A state of affairs that will weigh heavily on the salary negotiations which officially open this Thursday. 20 Minutes takes stock of the challenges of these discussions.

How will the negotiations unfold?

The unions want to go as quickly as possible. According to Nabil Azzouz, who will negotiate for Force Ouvrière (FO), “there is no time to waste, the average salary in the sector is one of the lowest among professional branches. [1.500 euros bruts d’après FO, 1.830 euros bruts d’après le patronat] “. Besides Thursday’s meeting, a second session is scheduled for mid-December, and an agreement could be reached before the end of the year. These discussions will be closely watched by the government. In mid-September, the Minister of Labor, Elisabeth Borne, had indeed indicated that the remuneration offered in the sector was “not up to par”.

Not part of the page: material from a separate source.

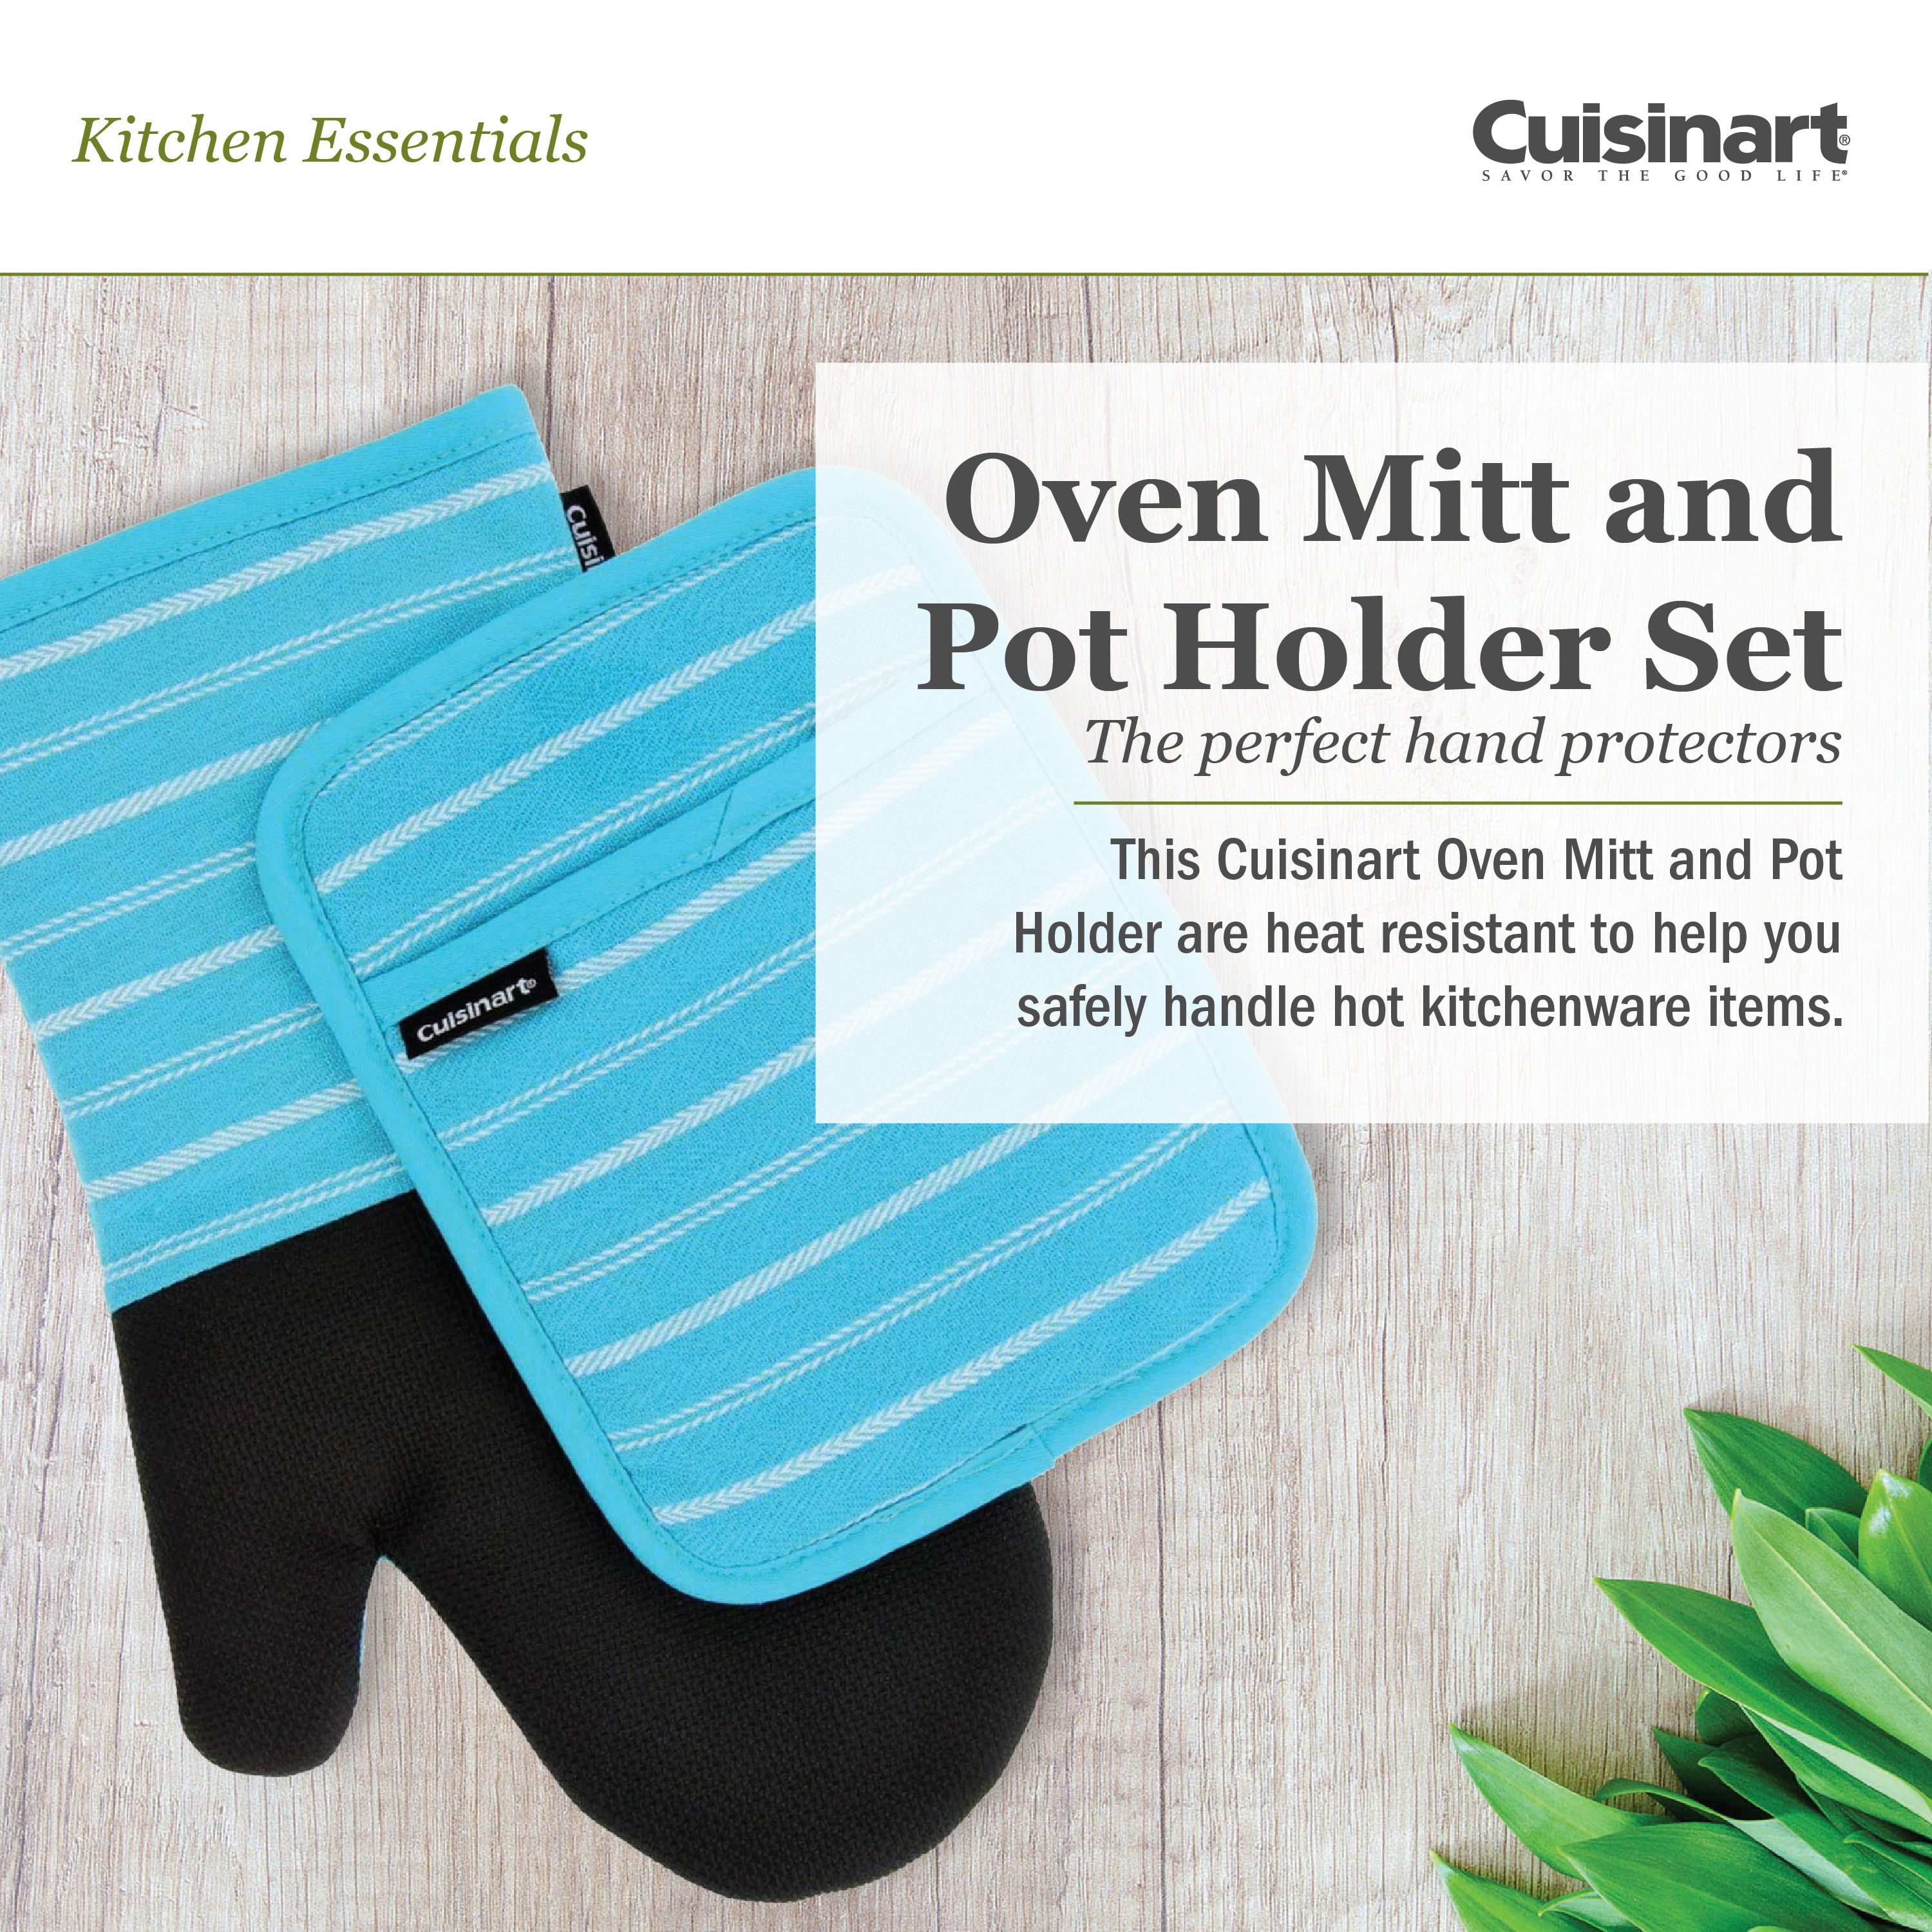 The Big One® Solid Pot Holder & Oven Mitt Set

What are employee representatives asking for?

For unions surveyed by 20 Minutes, the upgrading of the salary grid is a good starting point, but will not be enough. “It will be necessary to go beyond, for example with the creation of a 13th month”, warns Arnaud Chemain, representative of the CGT. Today, some establishments practice it, but if a branch agreement was reached, all hotels, cafes and restaurants would be required to pay it.

For its part, Force Ouvrière is calling for progress on the increase in overtime, night hours, and work on weekends. “We want employees to be able to benefit from a whole weekend per month, and that the other weeks, they can have two consecutive days of rest”, advance Nabil Azzouz. The unions will also put on the table the question of the “cut”, these unpaid hours between two services which force many employees to stay on site, for lack of living next to their work.

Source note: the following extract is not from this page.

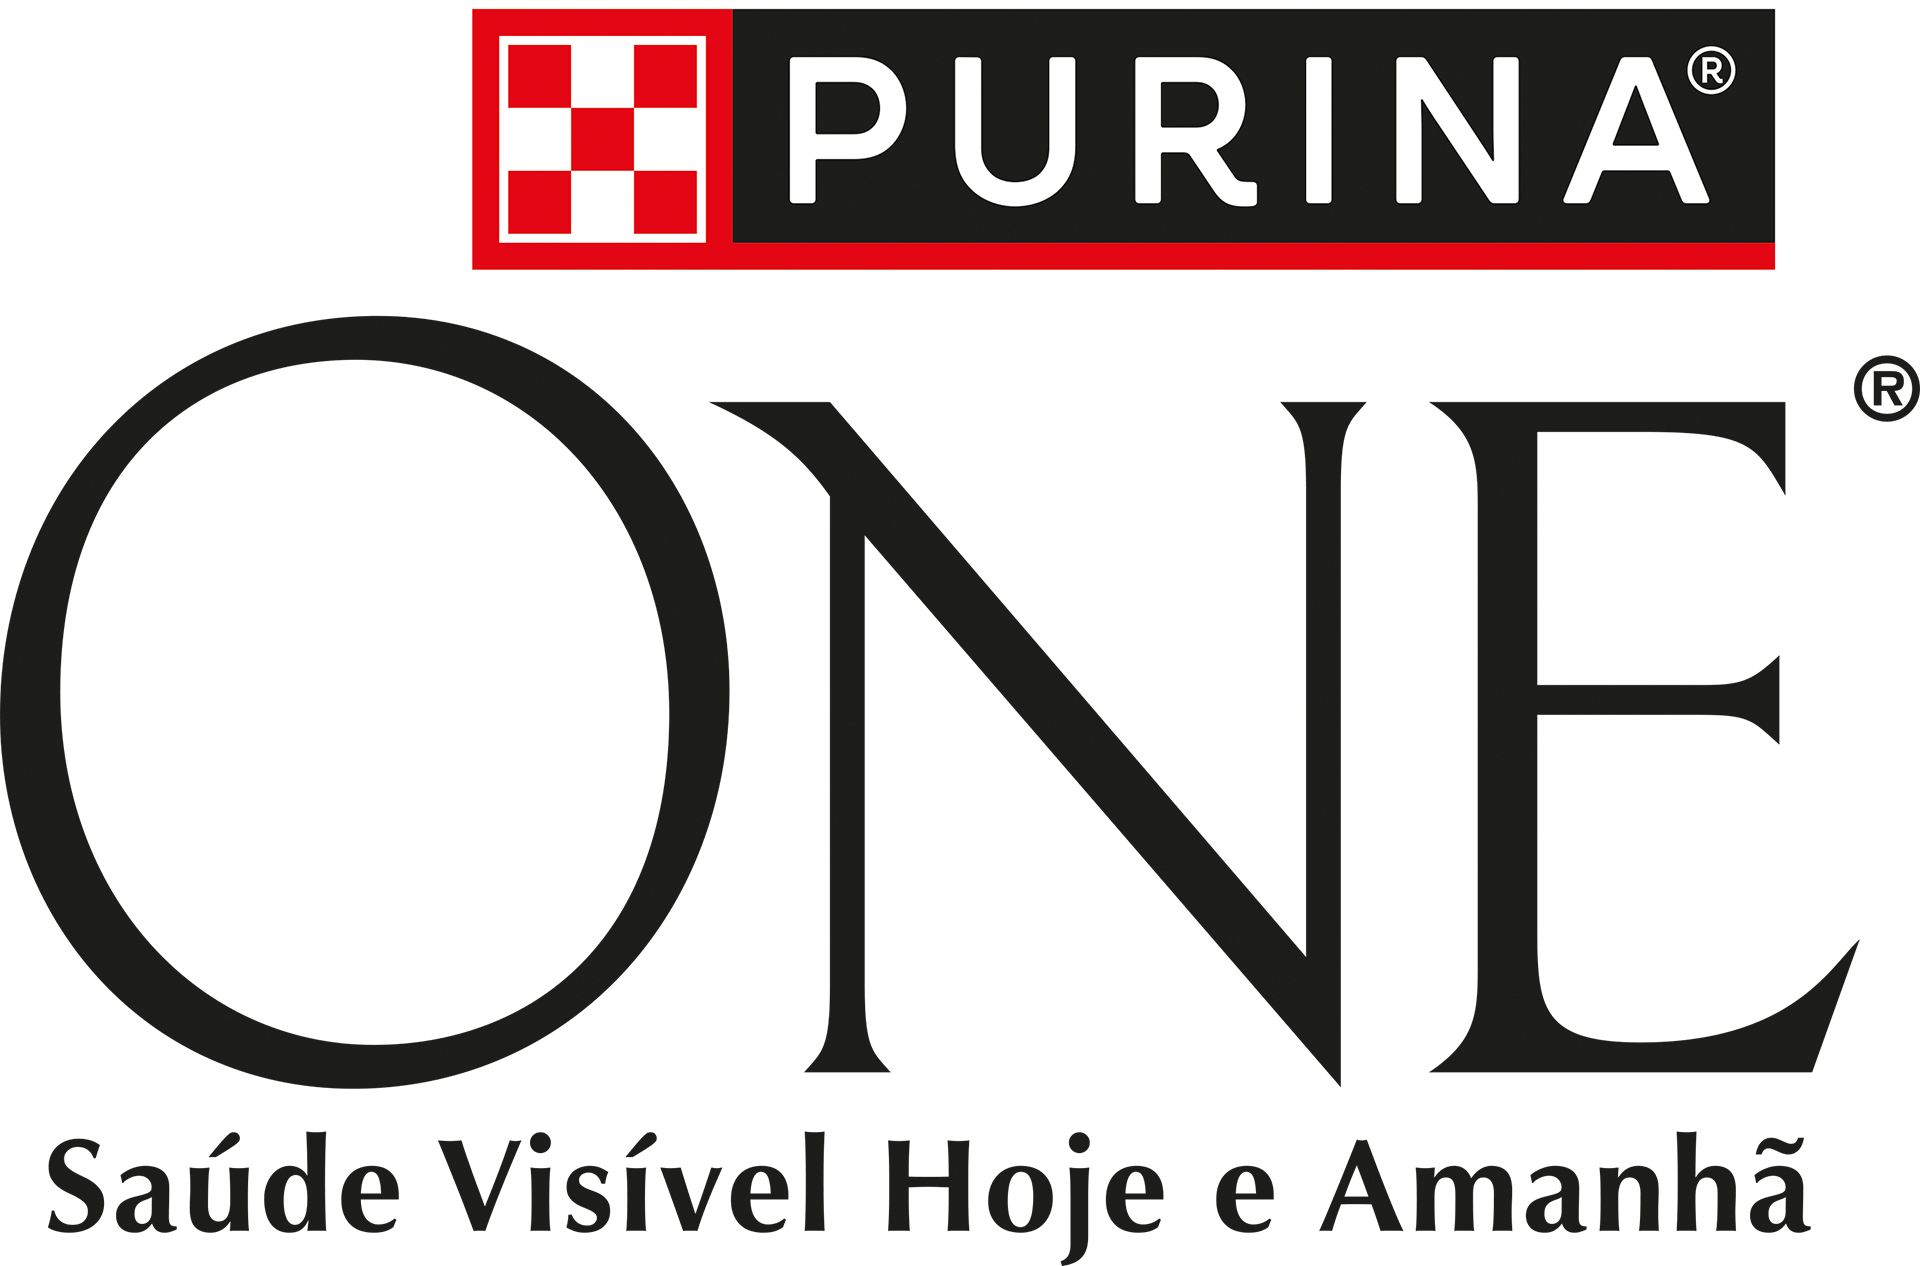 Purina ONE logo

Are their claims likely to succeed?

There is consensus on the revaluation of the sector’s salary scale, even among employers’ representatives. It remains to be seen what the scale will be. Last month, Thierry Grégoire, from Umih (employers’ union), proposed in The Parisian an increase in wages of “between 6% and 8.5%, or even perhaps 9%”. “9% is really the minimum, replies Arnaud Chemain, taking into account inflation and the non-revaluation of the grid since 2018”.

The representative of Umih also indicated that he was not opposed to the idea of ​​a 13th month. But his ideas are not unanimous among the employers. “We dissociate ourselves from such remarks firstly because the negotiations do not take place in the public square. Then because the proposals must require the agreement of the employer’s college to then be presented to the employees’ organizations ”, retorted in West France Laurent Fréchet, of the GNI (national group of independents). His union has thus closed the door to the creation of a 13th month.

There remains one last unknown: the evolution of the health situation. As contaminations start to rise again and several countries in Europe begin to take restrictive measures, the unions want to believe that the negotiations will not be affected. “We must now resolve the structural problems of the hotel and catering industry, otherwise we will never succeed,” warns Nabil Azzouz.